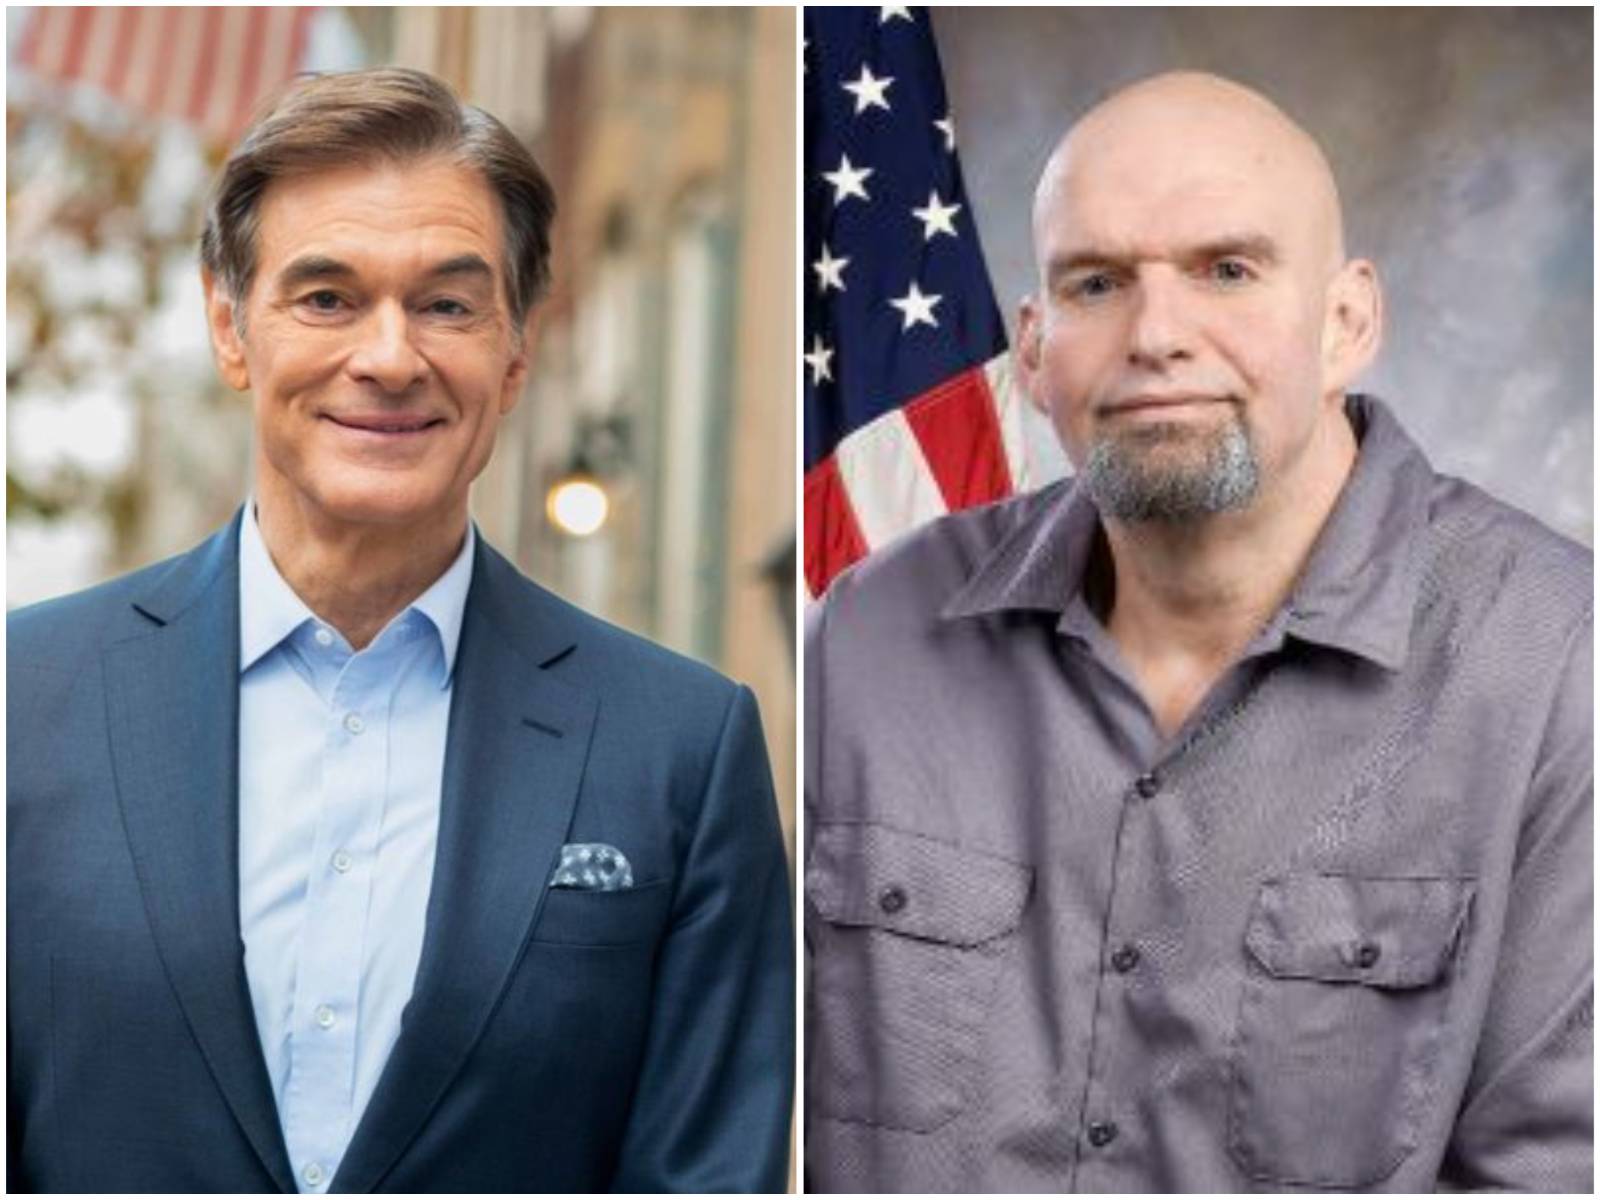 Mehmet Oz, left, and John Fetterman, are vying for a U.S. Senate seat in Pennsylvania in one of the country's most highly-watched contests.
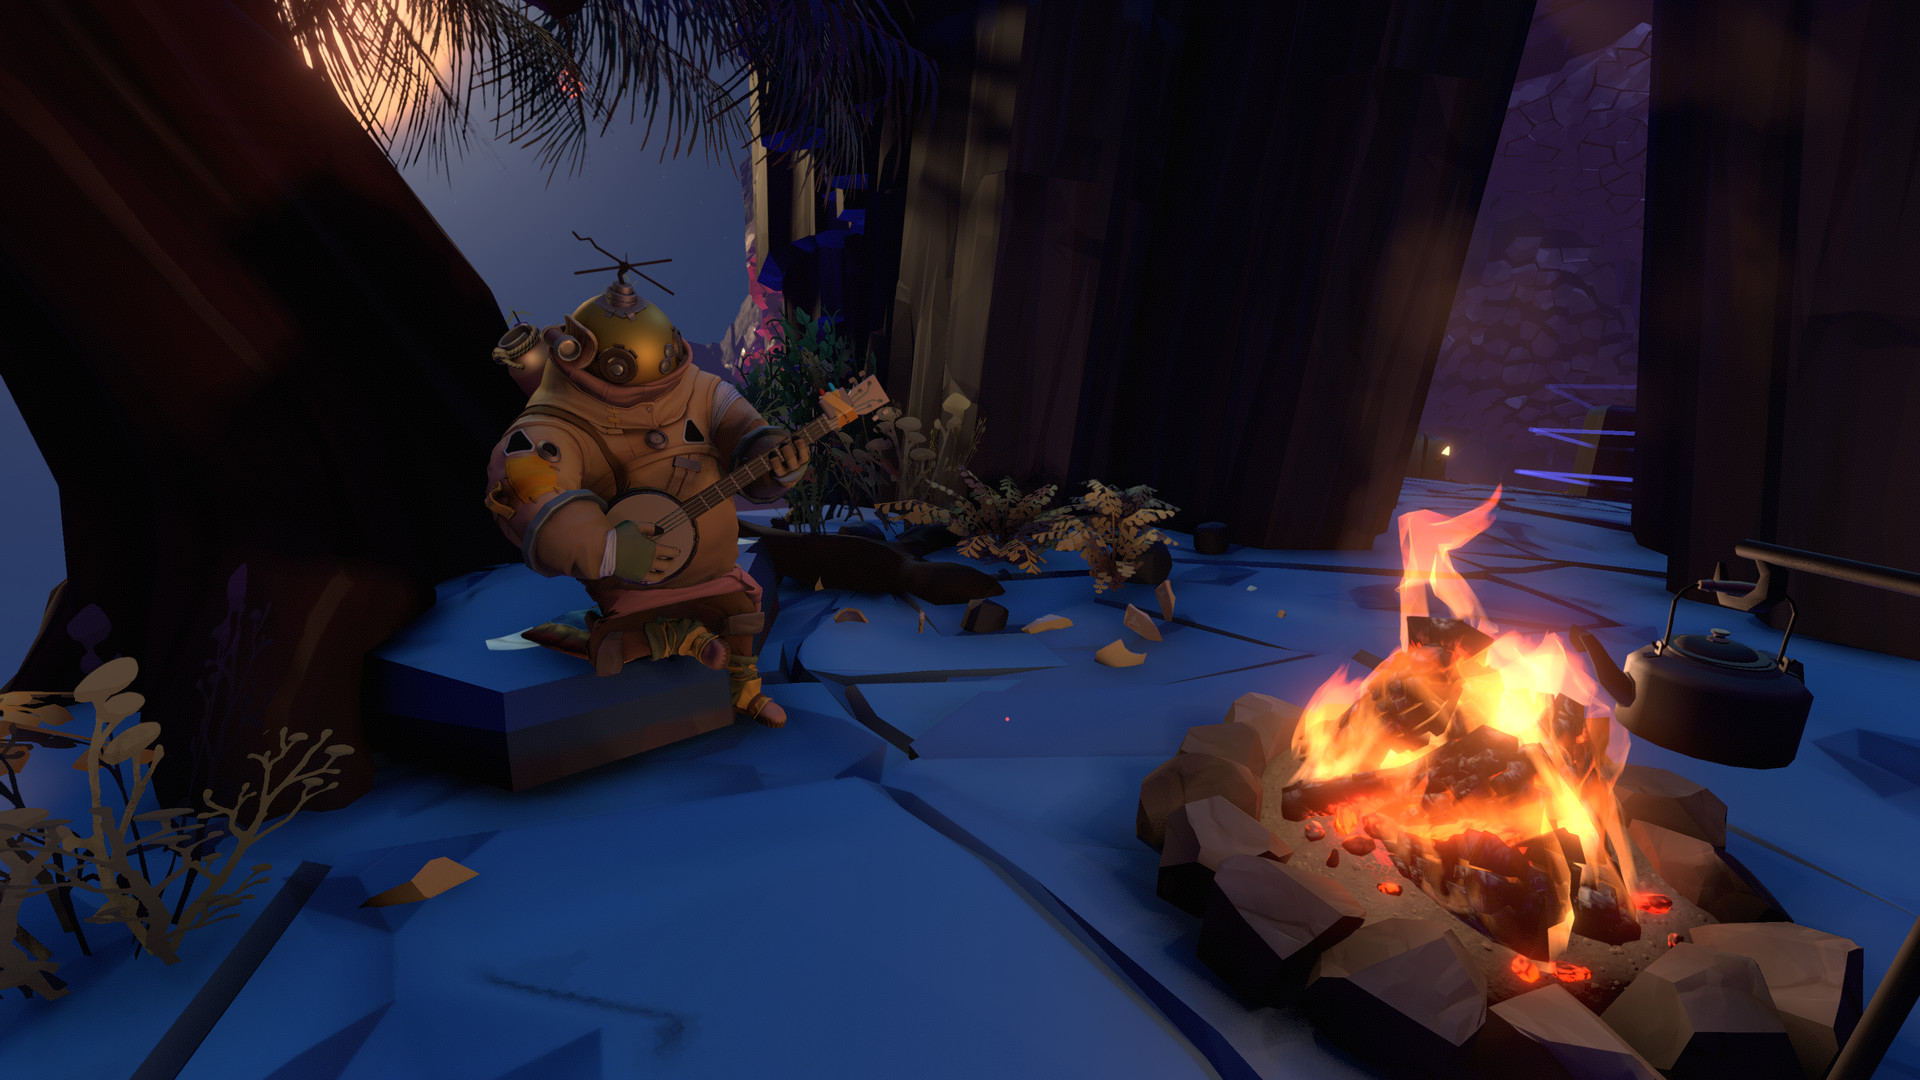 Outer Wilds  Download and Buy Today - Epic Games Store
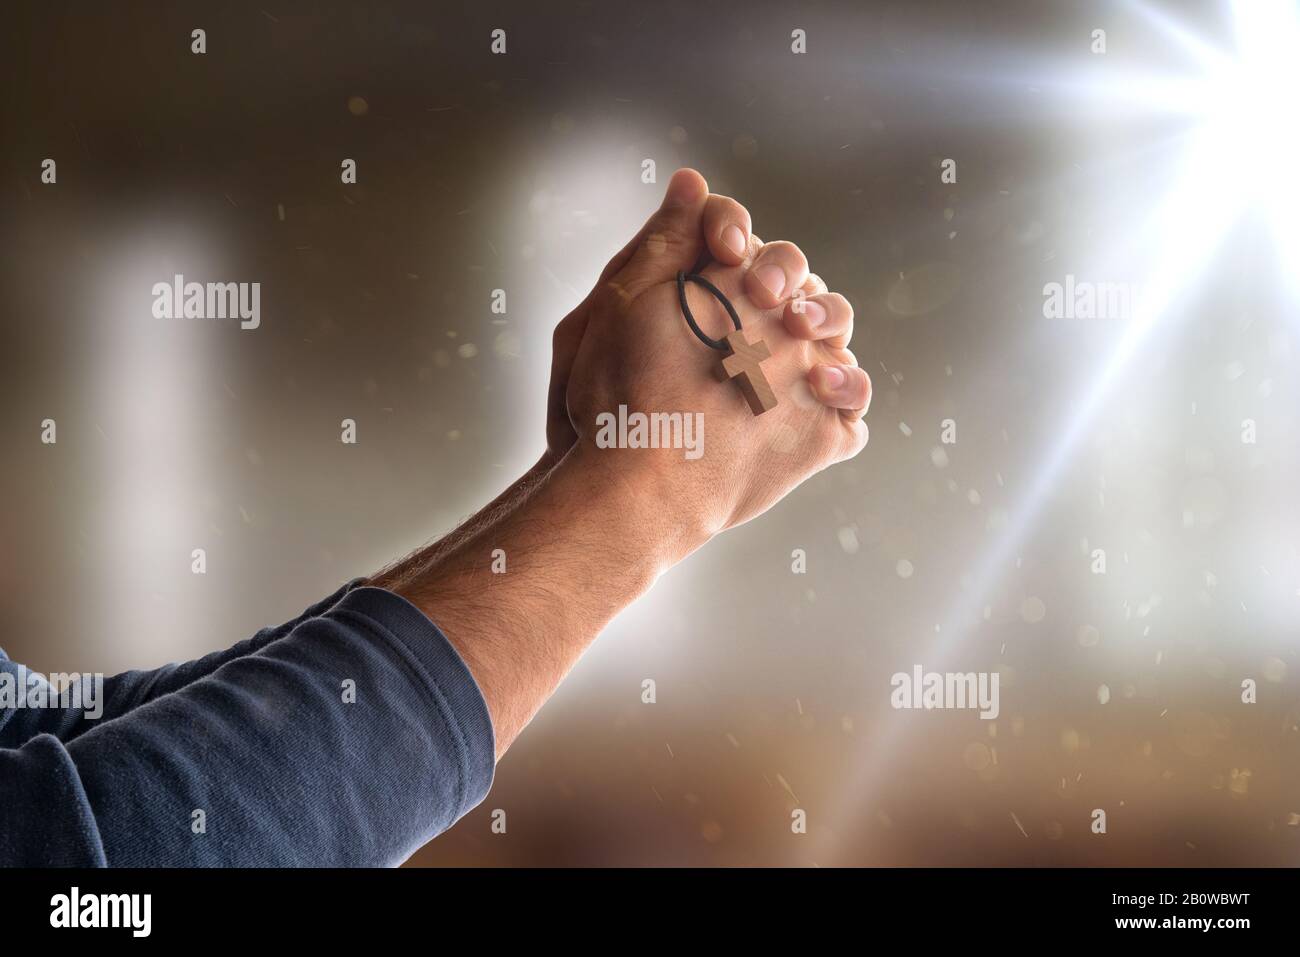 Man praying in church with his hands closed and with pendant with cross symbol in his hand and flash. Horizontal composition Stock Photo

********

> ACTIVITY
Repeat the data above in full and exactly. Omit every image.

> TASK SOLUTION
 Mehmet Oz, left, and John Fetterman, are vying for a U.S. Senate seat in Pennsylvania in one of the country's most highly-watched contests.
 Outer Wilds  Download and Buy Today - Epic Games Store
 Man praying in church with his hands closed and with pendant with cross symbol in his hand and flash. Horizontal composition Stock Photo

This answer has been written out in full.